Не так уж много требовалось ума, чтобы понять это; а непонятливых учила жизнь. Потому что главный урок, который она преподносила, да так наглядно, словно конфетку на ладони, главный урок — скажем это, забегая вперед, — был урок неверия, не какого-то отдельного неверия, а неверия вообще, и в нем-то и заключалась причина таинственности, которою была окружена жизнь в стране на северо-востоке: ибо, освобождая людей от бремени имущества, притащенного в мешках, деревянных сундучках или чемоданах, от теплых шинелей со споротыми погонами, от фасонистых городских пальто, уже подпорченных в тюремной дезкамере, от валенок, еще пахнущих домом и волей, от вязаных носков, последних в жизни, потому что скоро и самое слово это забывалось, исчезало из лексикона, как исчезали, став ненужными, сотни других слов, — словом, от всех шмоток и всего вообще, что у них еще оставалось и что частью выманивали у них обманом, частью отнимали силой, а чаще просто уворовывали и потом без конца проигрывали и выигрывали в карты, — освобождая от всего своего, кроме собственной многострадальной шкуры, своего тощего потроха, да еще казенной телогрейки, да трухлявых штанов, жизнь в лагере освобождала и еще от кое-чего, именно, от веры, от веры, которая отныне становилась синонимом глупости.
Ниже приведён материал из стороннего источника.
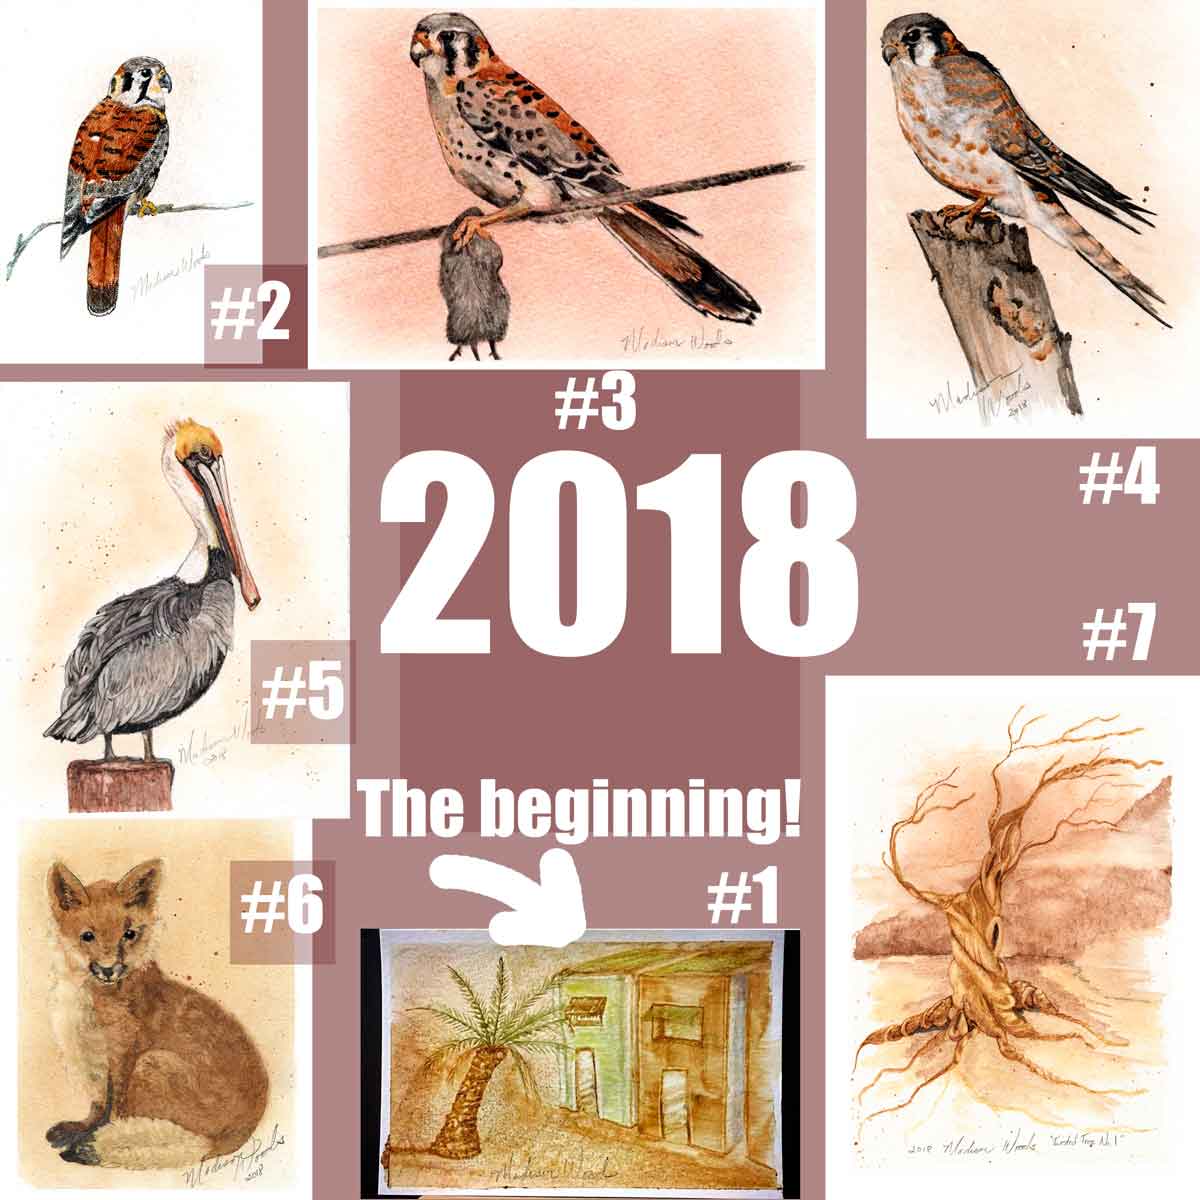 Summary of my 2018 paintings. This is the first year of my journey as an artist painting with local pigments.

Урок жизни, начатый предательством друзей, соседей, однополчан, кого угодно, но только без предательства тут не обходилось, и продолжающийся в таежных лесах страны, о коей речь, в ее синих снегах, так что из приготовительного класса переходишь мало-помалу в старший класс, а оттуда в университет, все продолжающийся. И этот урок отменял все заученное прежде, в других школах и университетах, и все дипломы, полученные там, становились ни к чему, словно листки от календаря давно прошедшего года, словно облигации безвыигрышного займа, освобождал от всего бесполезного и лишнего. Лишней оказывалась вера.
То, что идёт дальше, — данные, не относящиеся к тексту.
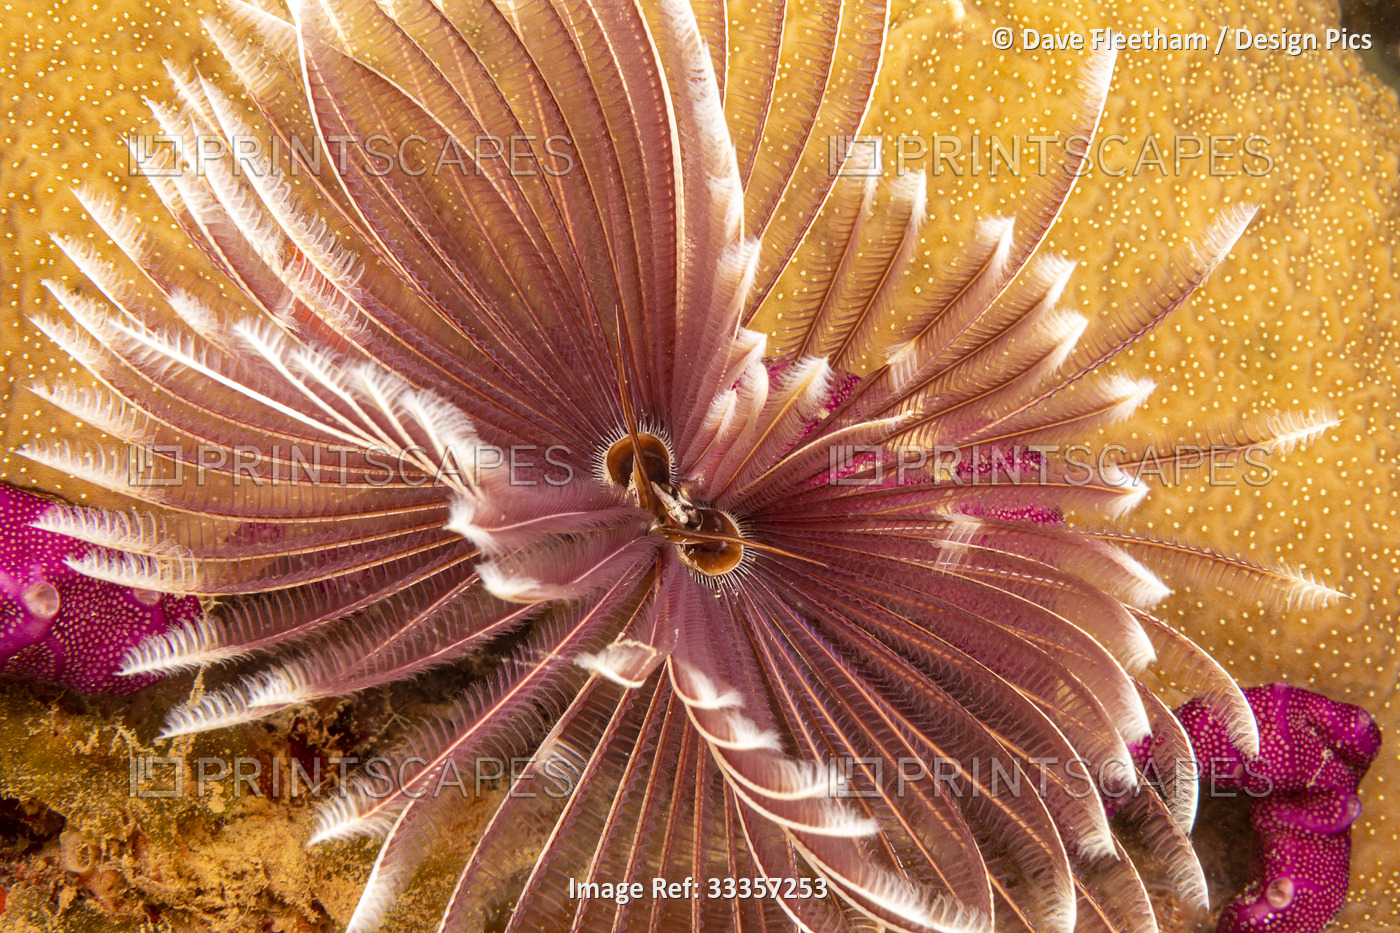 The Indian feather duster worm (Sabellastarte indica) is one of the larger of ...

Оказалось — и это было то, что роднило всех, каким бы нациям, классам, поколениям они ни принадлежали раньше, до того, как они провалились в люк на глазах у перепуганных родственников и остолбеневших соседей, подняв облако пыли и словно превратившись в эту пыль, — то, что теперь объединяло и роднило их и слило их всех в одну нацию и одно поколение, поколение одураченных, вернее сказать, одурачивших самих себя, — оказалось, что все, что им твердили с детства и что они заучивали чуть ли не с пеленок, повторяли сначала по буквам, потом целыми фразами, а потом уже чесали наизусть целые страницы, — все было ложью и чепухой от начала и до конца, фантомом, липой, мыльным пузырем, и, догадавшись, что их разыграли, они стояли теперь, скребя в затылках и недоумевая, куда же подевался хрустальный дворец, выстроенный джином за одну ночь. Религии у них тоже не было, потому что Бога отобрали у них еще раньше, уверив, что Бог выдуман помогать поработителям обирать и обманывать народ, но оказалось, что без Бога так же тошно, как и с Ним. Поработители исчезли, а порабощенные остались, и, пробудившись от веры, как от смутного сна, мучительно зевая и озираясь и стыдясь глядеть друг другу в глаза, они поняли мало-помалу, что никакого джина не было, да и ничего вообще не было, и что все они — безымянное потерянное стадо, плетущееся неведомо куда.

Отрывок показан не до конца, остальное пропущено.